§ **TASK TO CARRY OUT**
Your answer should consist of every line from the records that holds the string "with".

§ **GIVEN RECORDS**

= Beginning of Section =

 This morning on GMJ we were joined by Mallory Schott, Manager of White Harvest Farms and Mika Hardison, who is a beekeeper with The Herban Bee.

= End of Section =
= Beginning of Section =

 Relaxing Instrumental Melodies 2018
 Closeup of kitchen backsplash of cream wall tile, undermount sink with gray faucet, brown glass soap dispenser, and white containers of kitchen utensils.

= End of Section =
= Beginning of Section =

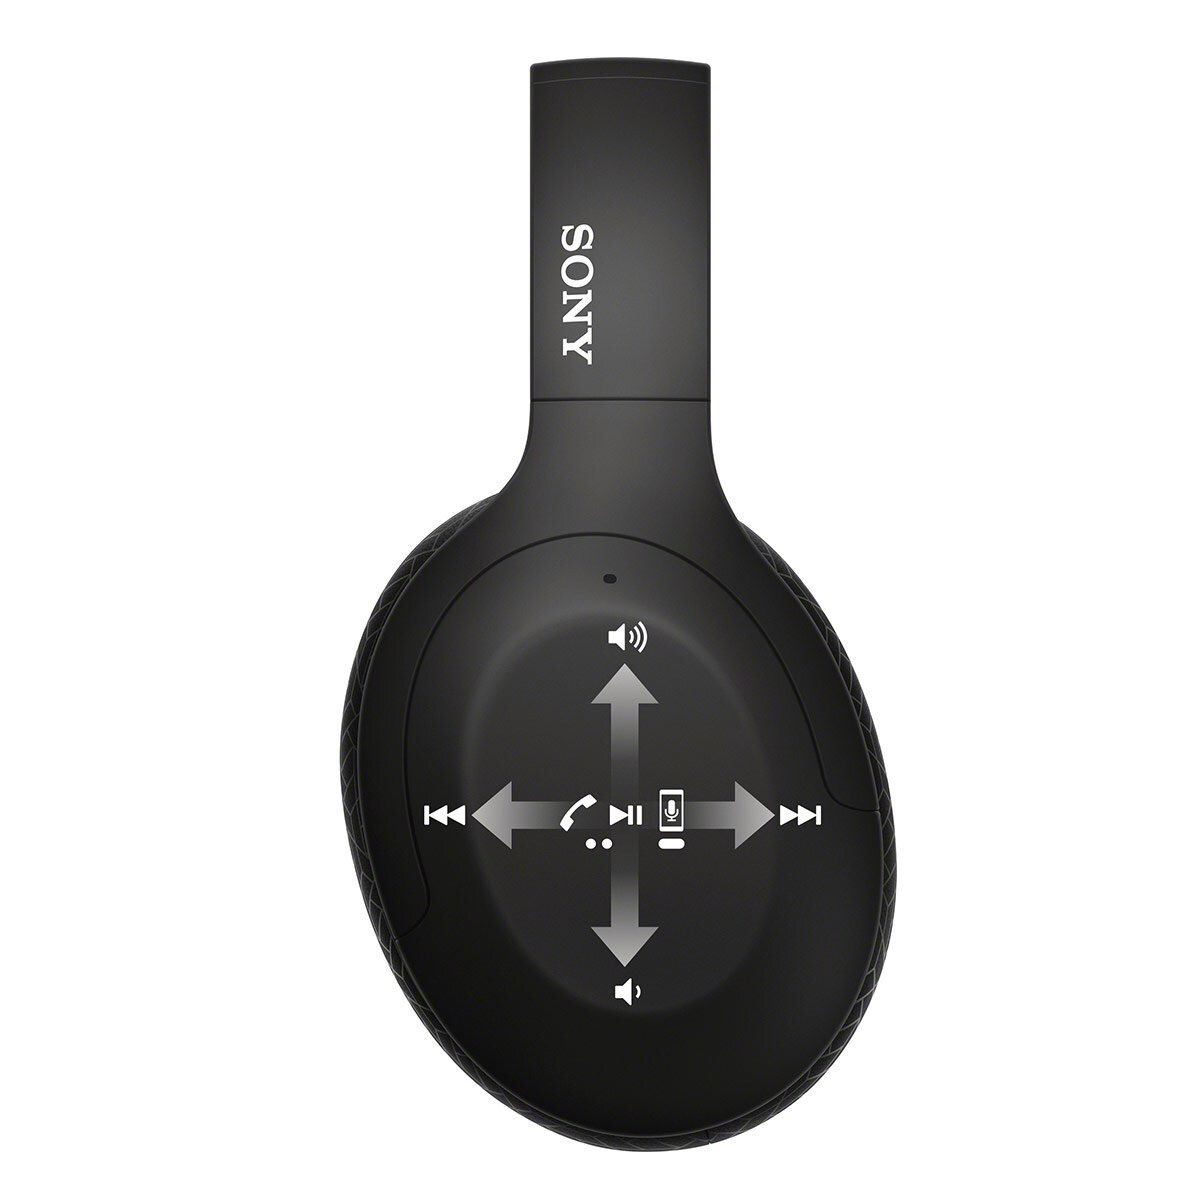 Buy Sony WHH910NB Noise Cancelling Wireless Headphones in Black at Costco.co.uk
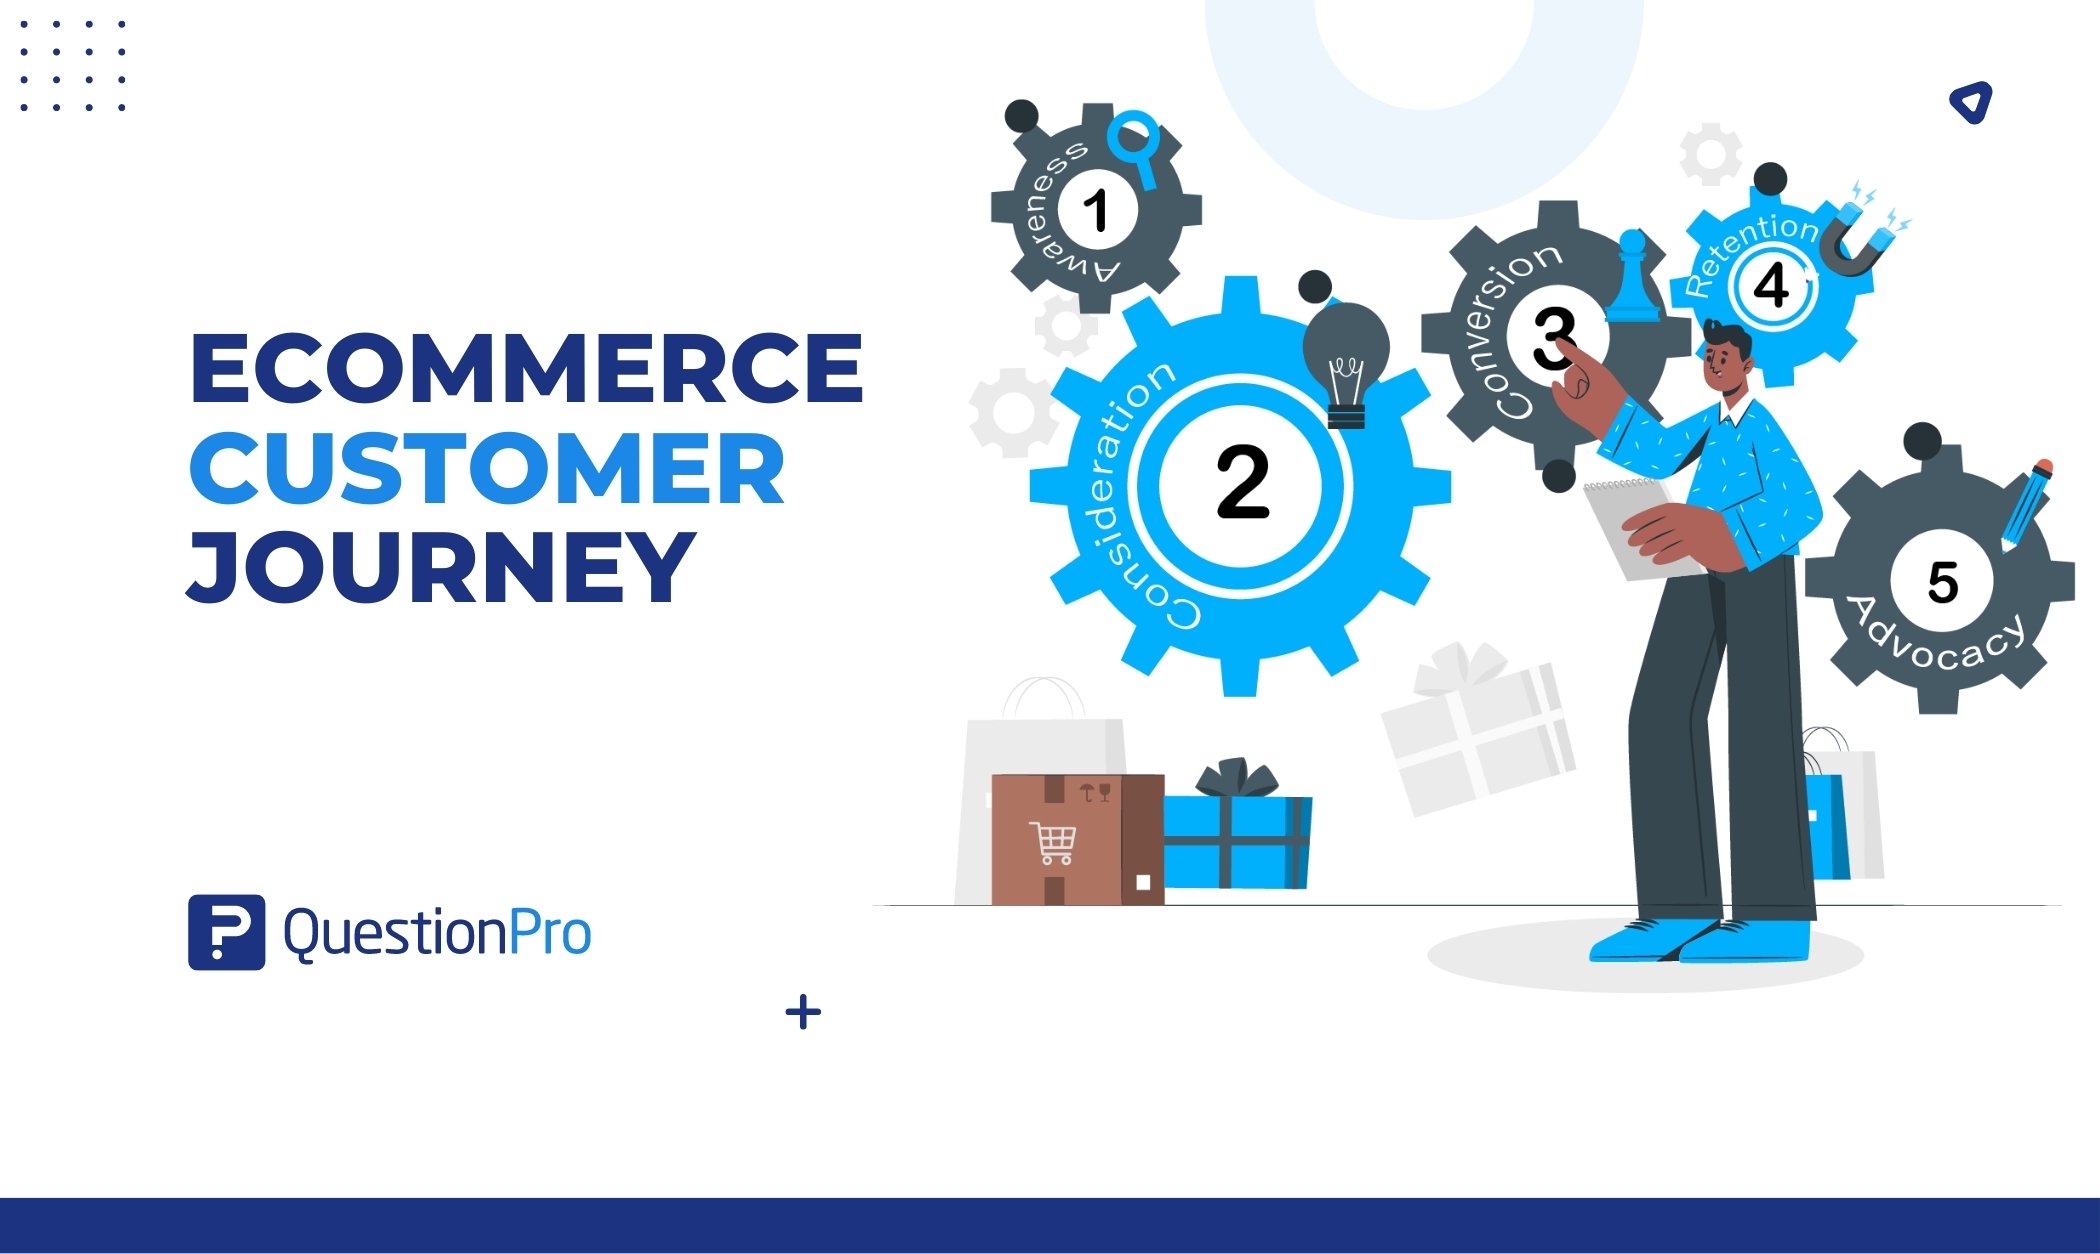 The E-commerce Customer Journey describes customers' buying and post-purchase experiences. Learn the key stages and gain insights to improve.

= End of Section =

§ **PROBLEM SOLUTION**
 This morning on GMJ we were joined by Mallory Schott, Manager of White Harvest Farms and Mika Hardison, who is a beekeeper with The Herban Bee.
 Closeup of kitchen backsplash of cream wall tile, undermount sink with gray faucet, brown glass soap dispenser, and white containers of kitchen utensils.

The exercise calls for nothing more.